Then Finn noticed an increasing number of AWS or Google Cloud payables coming in without purchase orders attached. One of his cloud-savvy colleagues, Ana, explained the highly variable nature of cloud and how it’s just, well, different than on-premises data centers—and that there’s an entirely new way of managing it, as well as a new professional discipline emerging to do so.

Finn carefully considered Ana’s words. It did sound interesting, and appealing. But then Finn remembered how well the processes he had in place for the organization’s 8,000 on-premises servers work. Cloud couldn’t be that different. Surely if he just applied his existing processes more diligently, cloud costs could be managed as well.

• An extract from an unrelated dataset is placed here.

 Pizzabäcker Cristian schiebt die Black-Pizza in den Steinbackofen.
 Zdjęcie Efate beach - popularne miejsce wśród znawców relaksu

The next quarter, cloud spending doubled unexpectedly, and Finn went back to Ana with his tail between his legs. He committed to trying a new set of processes that look more frequently at spend and increasing his interface time with the engineering teams creating the spend.

All of a sudden the finance leader, who previously never cared about cloud spending, began pushing Finn to go back to quarterly reporting, saying the real-time approach he was taking didn’t fit with the company’s other processes. The technology leader was pushing back, saying she couldn’t consider cost and also make her product delivery deadlines. Finn’s executive team encouraged a top-down control methodology. Finn again went back to Ana for help, and she led him to fellow journeyers at the FinOps Foundation. Learning from their mistakes and wins, Finn began to lay out a plan for how to reset the company’s processes and, more ambitiously, effect cultural change.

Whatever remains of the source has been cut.